• _Assigned task_:
Which lines of the entries below run from the one holding "Cavalier mid century" to the one holding "All pieces of", inclusive? Set down exactly those lines and no others.
-------- Data records
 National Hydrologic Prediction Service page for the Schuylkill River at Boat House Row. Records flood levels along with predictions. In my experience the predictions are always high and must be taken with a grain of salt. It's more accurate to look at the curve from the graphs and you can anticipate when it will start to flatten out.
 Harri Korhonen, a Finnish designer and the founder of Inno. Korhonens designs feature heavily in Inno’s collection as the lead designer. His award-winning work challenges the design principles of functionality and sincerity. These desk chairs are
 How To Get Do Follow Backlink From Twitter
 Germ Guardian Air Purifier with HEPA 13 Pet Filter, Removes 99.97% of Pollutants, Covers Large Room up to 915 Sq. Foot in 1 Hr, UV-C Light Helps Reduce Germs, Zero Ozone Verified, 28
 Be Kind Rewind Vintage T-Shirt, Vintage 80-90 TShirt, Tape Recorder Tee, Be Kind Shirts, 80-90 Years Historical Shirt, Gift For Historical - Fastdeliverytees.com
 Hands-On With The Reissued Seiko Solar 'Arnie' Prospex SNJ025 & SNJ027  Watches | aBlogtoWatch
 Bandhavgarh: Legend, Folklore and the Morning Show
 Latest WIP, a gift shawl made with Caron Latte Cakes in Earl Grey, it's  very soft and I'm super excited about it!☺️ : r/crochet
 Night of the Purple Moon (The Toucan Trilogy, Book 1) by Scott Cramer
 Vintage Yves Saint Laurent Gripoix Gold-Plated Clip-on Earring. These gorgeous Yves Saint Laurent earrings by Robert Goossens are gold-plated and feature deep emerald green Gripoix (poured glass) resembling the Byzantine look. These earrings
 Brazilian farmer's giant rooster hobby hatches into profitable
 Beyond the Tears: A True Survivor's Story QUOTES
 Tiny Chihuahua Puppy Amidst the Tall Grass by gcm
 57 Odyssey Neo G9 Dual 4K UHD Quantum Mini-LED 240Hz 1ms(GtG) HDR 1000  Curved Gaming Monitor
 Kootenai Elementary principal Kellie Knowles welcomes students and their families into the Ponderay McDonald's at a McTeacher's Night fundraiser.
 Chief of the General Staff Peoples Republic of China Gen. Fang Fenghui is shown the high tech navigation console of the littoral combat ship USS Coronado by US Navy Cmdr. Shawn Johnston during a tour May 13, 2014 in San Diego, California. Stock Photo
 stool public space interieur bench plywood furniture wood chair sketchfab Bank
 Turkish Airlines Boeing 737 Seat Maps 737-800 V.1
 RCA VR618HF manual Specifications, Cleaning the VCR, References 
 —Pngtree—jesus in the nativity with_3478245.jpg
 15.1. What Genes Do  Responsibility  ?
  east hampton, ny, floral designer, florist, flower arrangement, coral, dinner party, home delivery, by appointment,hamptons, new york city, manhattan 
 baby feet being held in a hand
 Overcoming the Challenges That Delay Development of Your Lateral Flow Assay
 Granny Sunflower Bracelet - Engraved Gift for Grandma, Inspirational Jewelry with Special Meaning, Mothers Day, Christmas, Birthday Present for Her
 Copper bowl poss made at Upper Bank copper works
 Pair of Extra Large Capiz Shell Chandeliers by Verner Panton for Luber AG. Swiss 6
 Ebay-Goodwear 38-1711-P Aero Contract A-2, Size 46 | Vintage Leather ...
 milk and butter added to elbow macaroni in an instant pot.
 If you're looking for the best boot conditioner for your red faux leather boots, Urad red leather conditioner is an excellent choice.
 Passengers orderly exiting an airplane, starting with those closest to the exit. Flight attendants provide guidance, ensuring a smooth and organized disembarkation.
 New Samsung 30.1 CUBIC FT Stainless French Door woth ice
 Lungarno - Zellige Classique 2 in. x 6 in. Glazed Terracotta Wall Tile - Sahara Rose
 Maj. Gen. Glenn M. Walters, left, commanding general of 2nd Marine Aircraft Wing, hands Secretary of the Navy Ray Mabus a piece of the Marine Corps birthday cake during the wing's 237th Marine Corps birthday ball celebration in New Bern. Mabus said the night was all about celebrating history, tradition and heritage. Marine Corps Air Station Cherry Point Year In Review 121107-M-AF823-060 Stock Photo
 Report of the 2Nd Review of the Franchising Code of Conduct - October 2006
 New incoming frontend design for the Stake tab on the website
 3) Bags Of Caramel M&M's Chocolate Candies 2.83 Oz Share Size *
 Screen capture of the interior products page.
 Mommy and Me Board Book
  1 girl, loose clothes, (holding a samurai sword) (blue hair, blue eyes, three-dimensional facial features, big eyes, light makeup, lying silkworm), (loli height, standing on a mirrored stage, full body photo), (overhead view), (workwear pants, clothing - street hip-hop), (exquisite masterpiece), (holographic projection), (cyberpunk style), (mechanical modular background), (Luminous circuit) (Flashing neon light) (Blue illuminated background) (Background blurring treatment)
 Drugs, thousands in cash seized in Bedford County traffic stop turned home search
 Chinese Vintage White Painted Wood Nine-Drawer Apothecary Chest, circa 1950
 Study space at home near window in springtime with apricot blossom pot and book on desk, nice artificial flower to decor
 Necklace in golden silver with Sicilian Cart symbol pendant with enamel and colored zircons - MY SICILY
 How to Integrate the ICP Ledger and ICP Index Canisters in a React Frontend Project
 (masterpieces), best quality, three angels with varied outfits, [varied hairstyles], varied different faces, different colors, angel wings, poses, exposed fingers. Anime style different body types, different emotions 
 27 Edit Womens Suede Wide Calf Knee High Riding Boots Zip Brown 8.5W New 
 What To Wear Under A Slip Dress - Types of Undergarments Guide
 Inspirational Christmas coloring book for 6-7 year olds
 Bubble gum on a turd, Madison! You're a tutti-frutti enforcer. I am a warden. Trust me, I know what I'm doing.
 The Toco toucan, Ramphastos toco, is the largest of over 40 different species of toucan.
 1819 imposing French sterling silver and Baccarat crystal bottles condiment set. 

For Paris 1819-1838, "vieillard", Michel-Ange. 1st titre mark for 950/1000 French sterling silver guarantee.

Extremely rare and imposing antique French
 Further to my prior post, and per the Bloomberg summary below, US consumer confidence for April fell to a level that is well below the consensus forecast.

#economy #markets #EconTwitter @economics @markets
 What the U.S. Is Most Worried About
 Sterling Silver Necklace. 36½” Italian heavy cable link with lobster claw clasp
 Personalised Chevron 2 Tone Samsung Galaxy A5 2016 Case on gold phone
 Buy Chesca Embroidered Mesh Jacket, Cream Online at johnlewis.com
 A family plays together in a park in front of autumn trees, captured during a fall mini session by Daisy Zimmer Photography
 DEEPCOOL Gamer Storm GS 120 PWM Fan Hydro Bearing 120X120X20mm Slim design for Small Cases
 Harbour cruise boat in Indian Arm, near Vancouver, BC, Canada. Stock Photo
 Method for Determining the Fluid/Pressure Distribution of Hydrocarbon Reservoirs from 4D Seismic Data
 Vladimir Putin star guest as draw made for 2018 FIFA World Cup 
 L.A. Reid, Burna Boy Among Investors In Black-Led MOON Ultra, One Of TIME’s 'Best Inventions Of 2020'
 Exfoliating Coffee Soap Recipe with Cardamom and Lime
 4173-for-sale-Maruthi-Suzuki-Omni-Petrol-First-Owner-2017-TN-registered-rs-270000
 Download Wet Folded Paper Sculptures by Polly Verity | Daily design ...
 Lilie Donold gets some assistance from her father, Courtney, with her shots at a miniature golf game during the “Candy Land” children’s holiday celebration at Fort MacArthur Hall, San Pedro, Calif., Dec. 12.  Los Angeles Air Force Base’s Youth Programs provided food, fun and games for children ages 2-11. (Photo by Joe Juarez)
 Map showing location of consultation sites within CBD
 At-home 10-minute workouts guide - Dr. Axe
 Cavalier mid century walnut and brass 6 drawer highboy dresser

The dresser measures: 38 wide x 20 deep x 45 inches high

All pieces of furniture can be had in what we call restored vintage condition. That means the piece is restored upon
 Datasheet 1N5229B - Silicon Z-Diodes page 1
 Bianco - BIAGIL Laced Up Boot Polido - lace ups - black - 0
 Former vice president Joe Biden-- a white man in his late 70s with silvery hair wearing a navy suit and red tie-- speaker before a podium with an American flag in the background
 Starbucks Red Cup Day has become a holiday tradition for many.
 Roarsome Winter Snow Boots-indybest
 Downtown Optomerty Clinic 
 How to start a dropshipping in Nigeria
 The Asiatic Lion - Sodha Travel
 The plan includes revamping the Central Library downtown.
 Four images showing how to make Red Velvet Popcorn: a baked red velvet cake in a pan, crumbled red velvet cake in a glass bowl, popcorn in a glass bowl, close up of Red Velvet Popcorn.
----------------
• _Response_:
 Cavalier mid century walnut and brass 6 drawer highboy dresser

The dresser measures: 38 wide x 20 deep x 45 inches high

All pieces of furniture can be had in what we call restored vintage condition. That means the piece is restored upon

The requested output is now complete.